A propos d’Andréas Gursky

Paris, Montparnasse 1993
Andreas Gursky : « Paris, Gare Montparnasse », 1993

François Momal est né en 1960. Ingénieur de formation, il est aujourd’hui consultant en organisation. Pendant six années, il a suivi plusieurs parcours d’écriture (nouvelles, roman, écriture intime…) au sein de l’atelier d’écriture « Aleph » à Paris. Il pratique également la photographie depuis l’age de quinze ans et ses écrits sont souvent inspirés de sa propre production d’images.

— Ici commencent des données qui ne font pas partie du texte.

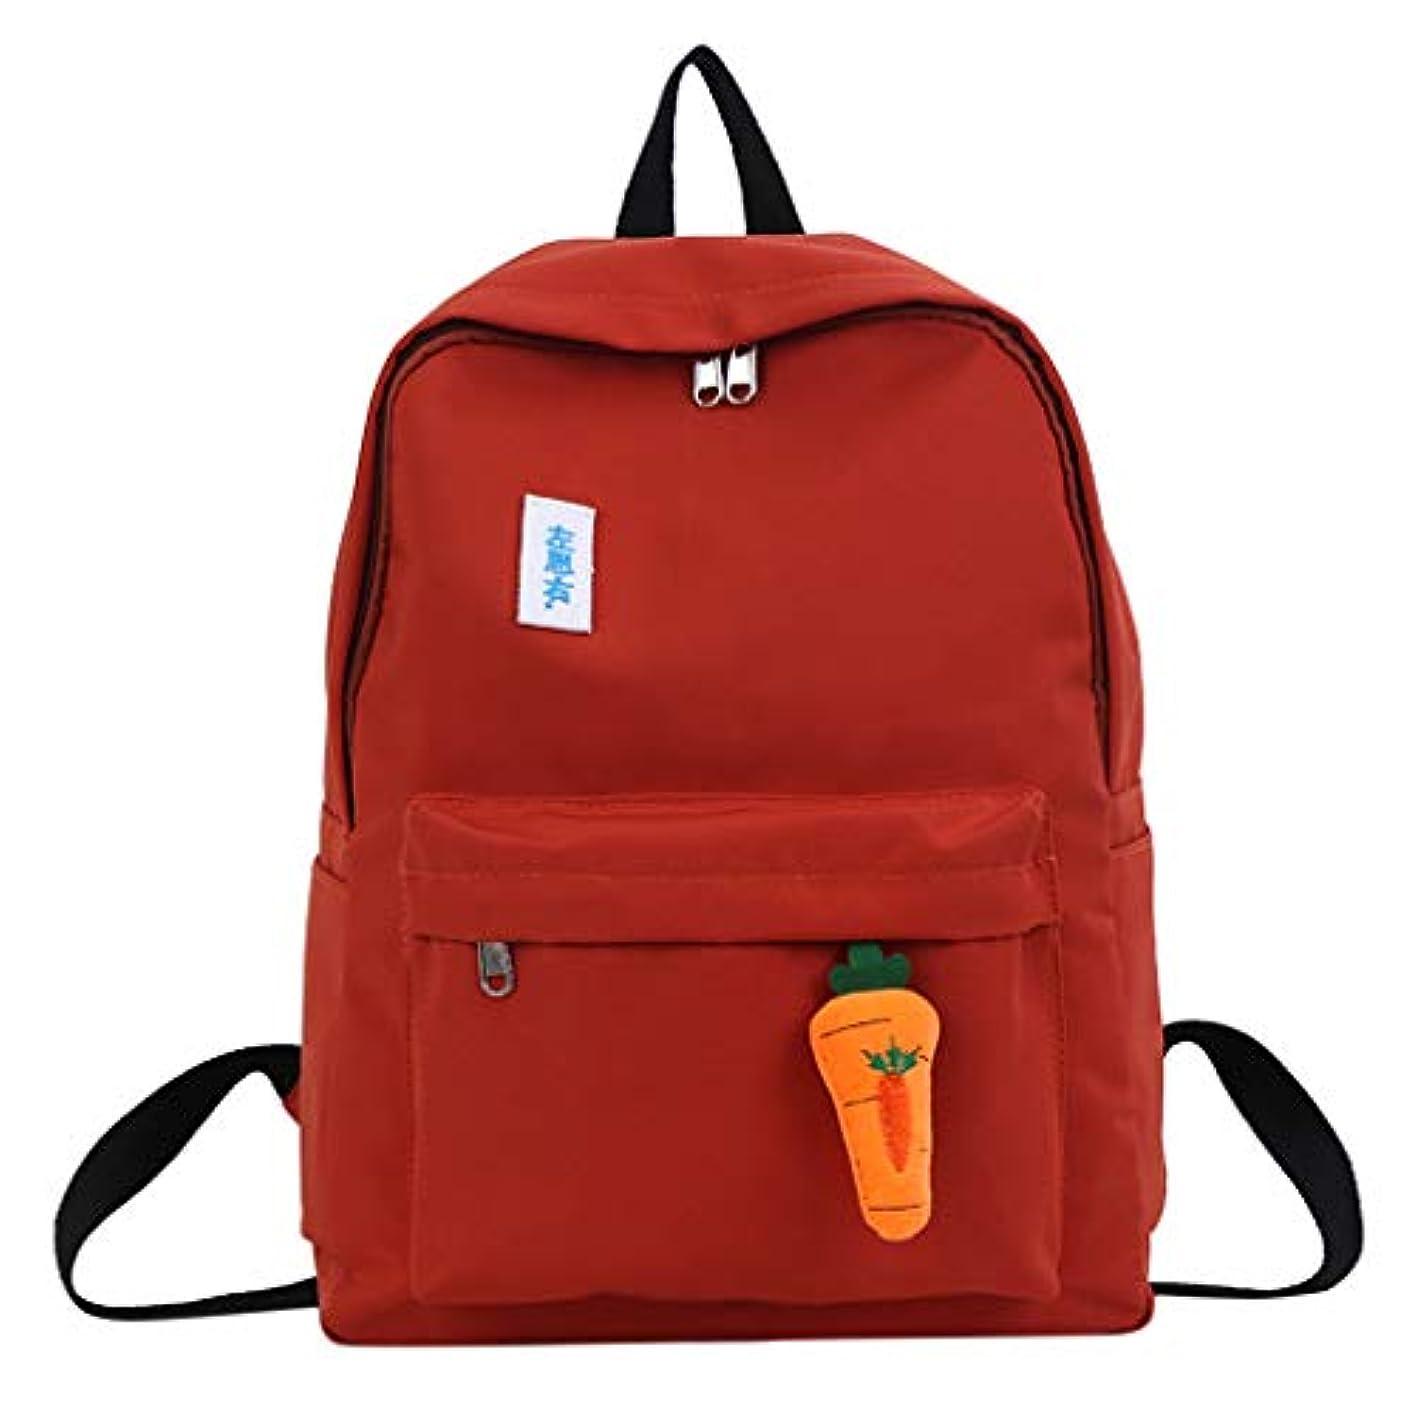 ストレッチ従事するあえぎ女子学生カジュアルファッションシンプルなバックパック軽量キャンバスバックパックガールズ屋外大容量かわいいヴィンテージバッグ

Pour lui, l’image est déclencheuse de l’écriture. Il nous parle de sa pratique d’écriture en évoquant deux photographies d’Andreas Gursky.

SIMULTANEITES

C’est une photographie d’Andreas Gursky : « Paris, Gare Montparnasse, 1993 ». C’est une des barres d’habitation de la gare prise dans sa longueur. Un damier est constitué de petites fenêtres où parfois une persienne ou un rideau de couleur vive vient accrocher le regard et rompre la monotonie de l’ensemble. Toujours la même lecture à deux niveaux des photographies de l’artiste allemand : la vue d’ensemble et les détails (un  tissu rouge qui obstrue une fenêtre, une silhouette accoudée à un balcon). Globalité de la façade, détails des alvéoles rendus accessibles par la très haute définition de l’image.

CRI_199291
Andreas Gursky « Piscine, Ratingen », 1987

Autre grand format : « Piscine, Ratingen, 1987 ». Nageurs dans l’eau laiteuse, marcheurs au bord d’une piscine à la forme complexe. Au dernier plan des bronzeurs sur une pelouse. Chacun vaque à ses loisirs au sein de la composition d’ensemble.

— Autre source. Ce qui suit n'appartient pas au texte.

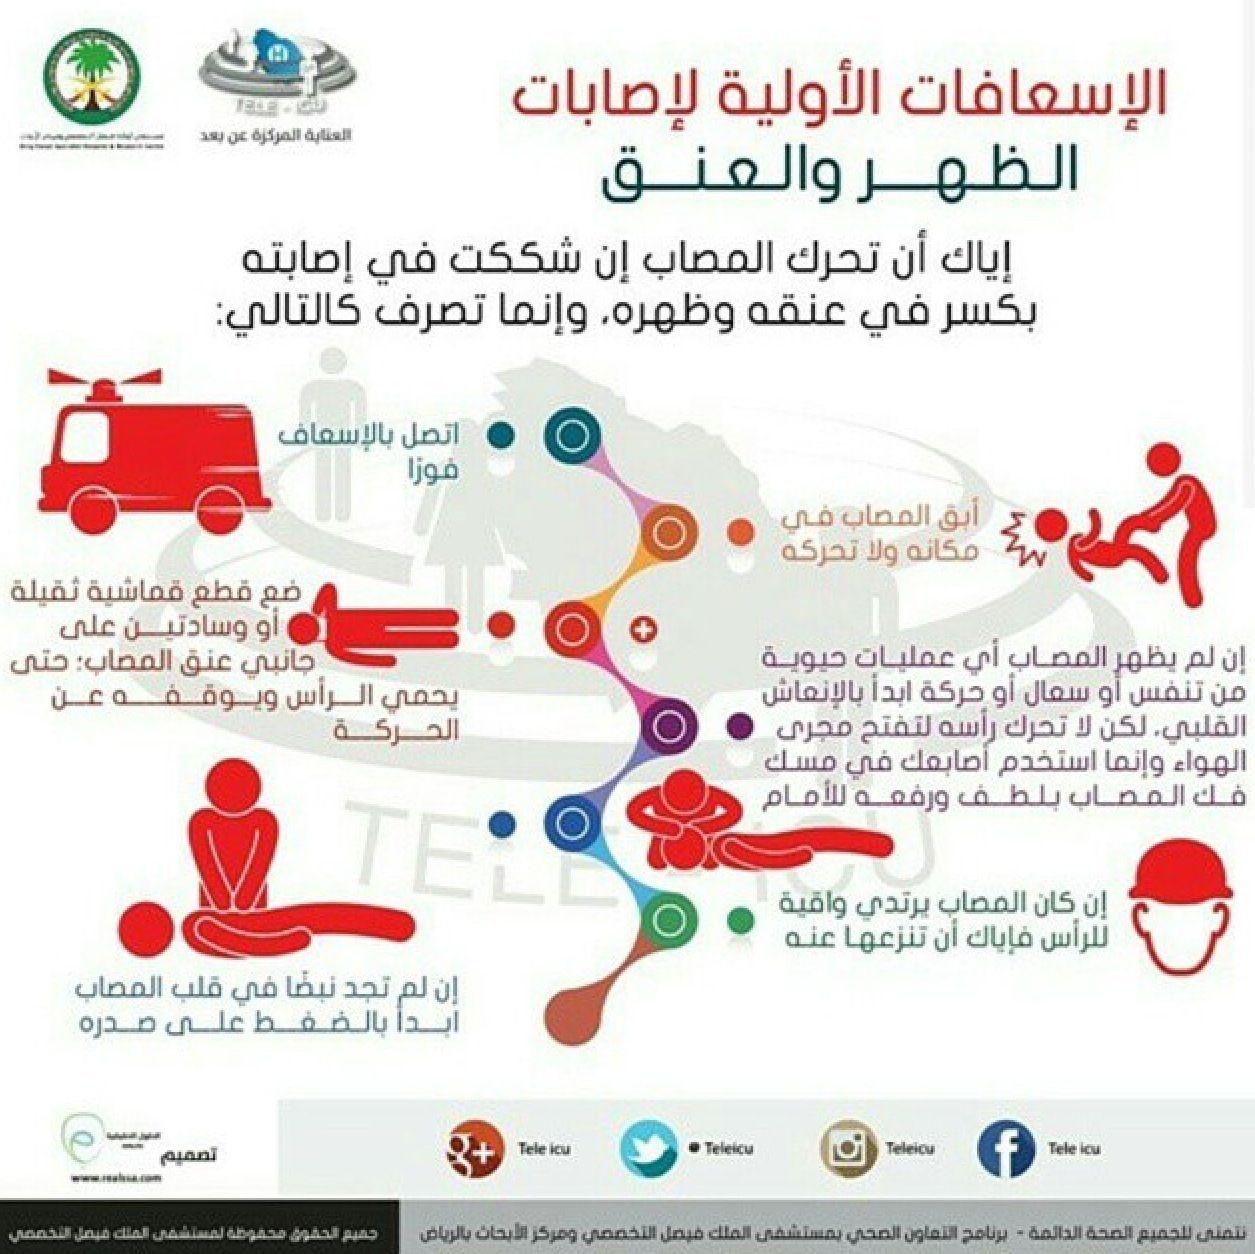 معلومة صحة وتغذية صحة وجمال الصحة والغذاء Health Education Health Instagram

Ce qui m’émeut c’est la pose figurative des petites silhouettes sur les photographies d’Andréas. Ces figurines très probablement ne se connaissaient pas et pourtant elles sont là ensemble sur la même image. Proximité spatiale, simultanéité, mais des trajectoires de vie très différentes. Concomitance sur l’image et décalage des vies. On aurait pu décaler les temps de ces sujets photographiés et cela n’aurait pas changé grand-chose. Et pourtant elles sont là, uniformément reparties sur les tirages géants d’Andréas, autant de subjectivités divergentes figées dans l’instant choisi par l’artiste. Ont-elles pu un jour se reconnaitre sur l’image ? Plus probablement elles mourront (ou peut-être sont-elles déjà mortes) sans avoir jamais su que le maître allemand les avait un jour saisies sur le même tirage. Comme nous le disait déjà Barthes, toute photo est une mort annoncée.

Que signifie la simultanéité sur une image ? Pas grand-chose il me semble, sauf si un avion, sorti de nulle part, venait soudainement s’encastrer dans l’immeuble photographié. Alors là les petites silhouettes pourraient vivre « simultanément » le même événement historique.